Пришли красные. Мишу забрали в детский дом. Там он впервые увидел большой, сверкающий черным лаком рояль. Его тянуло к роялю. Когда дети играли в прятки и с шумом носились по комнате, Миша целыми часами тыкал пальцами в клавиши. Несвязные звуки в распаленном ребяческом воображении превращались в чудесную музыку. Заведующая детским домом, наверно, любила детей. Она решила, что воспитанник будет музыкантом, и отыскала для Миши учителя. Успехи Миши были поразительны. (Из очерка Г. Сагала «Миша Грачев» в газете «Рабочая Москва» № 267 от 17 ноября 1934 года.)

Автор очерка не ошибся. Заведующая нашим детским домом Басшева Горовиц действительно любила детей. Да и как можно было тогда, в то тяжелое время, без большой любви, так самоотверженно бороться за жизнь каждого ребенка. И диву даешься: откуда бралось у девушки в 21 год столько мужества и терпения, материнской ласки и тепла, чтобы выходить всех нас, вернуть нам жизнь, утраченное детство, улыбку...

С тех пор прошло много лет. Как хочется восстановить в памяти события тех далеких дней, дней великих бурь и тревожного детства. Но разве все упомнишь, если тебе тогда от роду было всего только восемь лет? И вот ныне, как и тридцать восемь лет назад, на помощь к своему воспитаннику приходит его воспитательница — старая учительница киевской школы Б. Горовиц.

Дорогой Миша! Получила твое письмо, благодарю тебя за сохранившиеся теплые чувства ко мне.

У меня до войны были фотографии всего нашего детского дома, но, к великому моему сожалению, они все остались в Киеве, когда я эвакуировалась. У меня сохранилась только статья из «Рабочей Москвы» с твоей фотографией, напечатанная о тебе, когда ты еще учился на рабфаке.

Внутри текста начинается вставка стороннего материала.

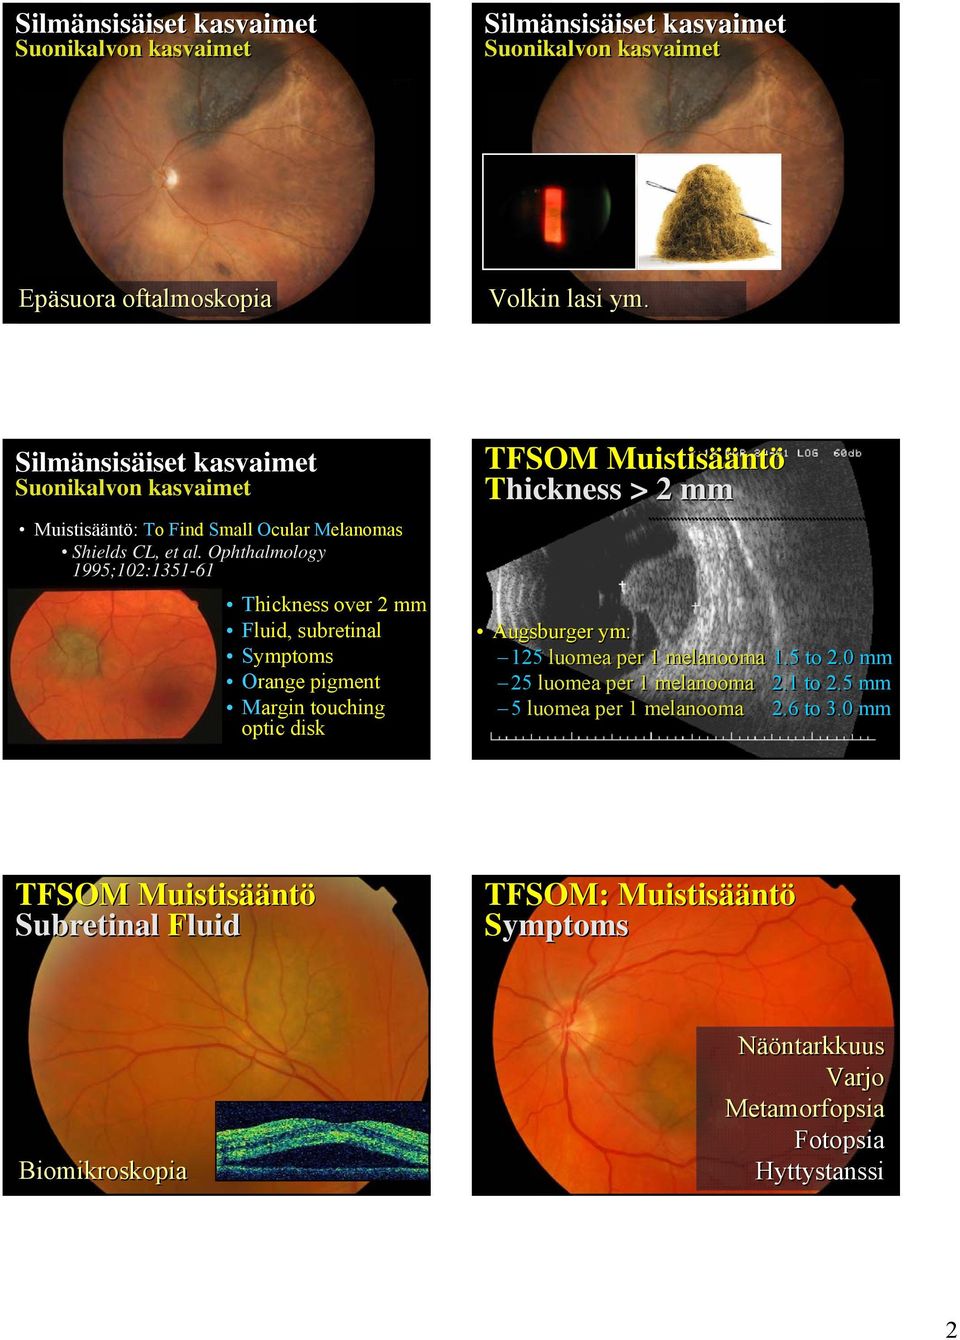 Ophthalmology 1995;102:1351-61 Thickness over 2 mm Fluid, subretinal Symptoms Orange pigment Margin touching optic disk TFSOM Muistisääntö Thickness > 2 mm Augsburger
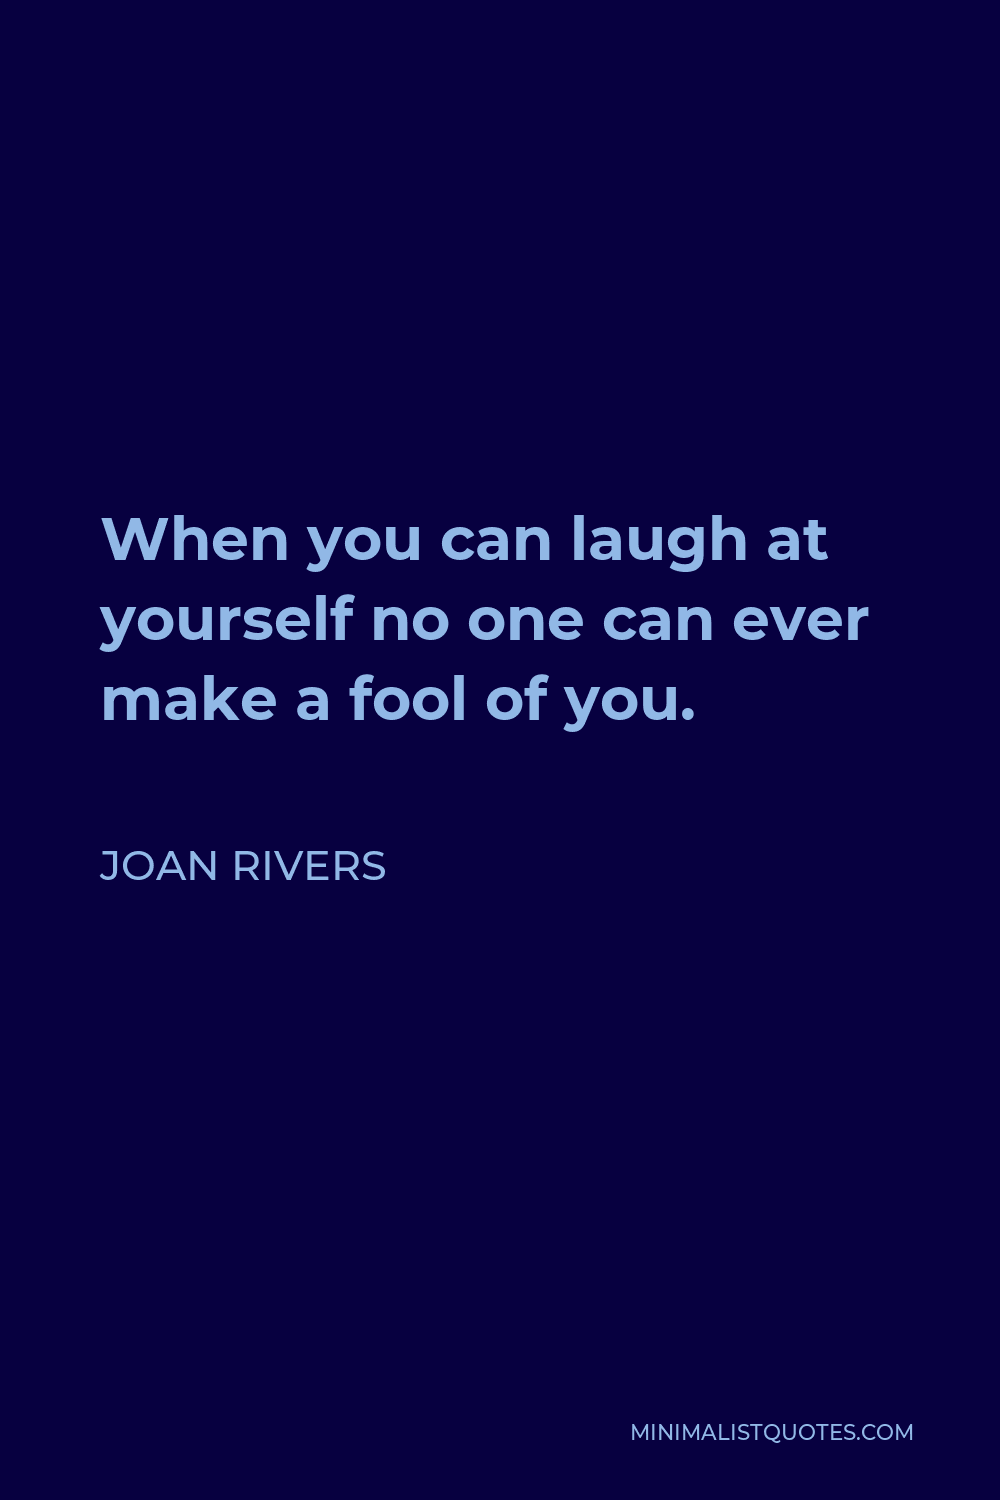 Joan Rivers Quote - When you can laugh at yourself no one can ever make a fool of you.

Теперь о нашем детском доме. История его возникновения проста и чудовищна. Петлюровский отряд под командованием атамана Симосенко в зимний февральский день (в субботу) в течение трех часов (от 3 до 6 часов дня) вырезал три тысячи человек проскуровской бедноты.

В результате — три детских дома заполнились детьми всех возрастов. В нашем детском доме, если помнишь, были и ясли (десять малюток). Там находилась самая маленькая сиротка, которой было восемь дней, когда убили ее родителей. Несмотря на все старания — она не выжила.

Приближалась трудная весна. Первая весна без родителей. Дни, безрадостные и непонятные для неокрепшего детского сознания, среди таких же запуганных и молчаливых обитателей большого, чужого дома. Все время казалось, что этот ужас может снова повториться.

В каждом чубатом дети видели петлюровца. Нередко ночную тишину прерывали стоны израненных детских сердец.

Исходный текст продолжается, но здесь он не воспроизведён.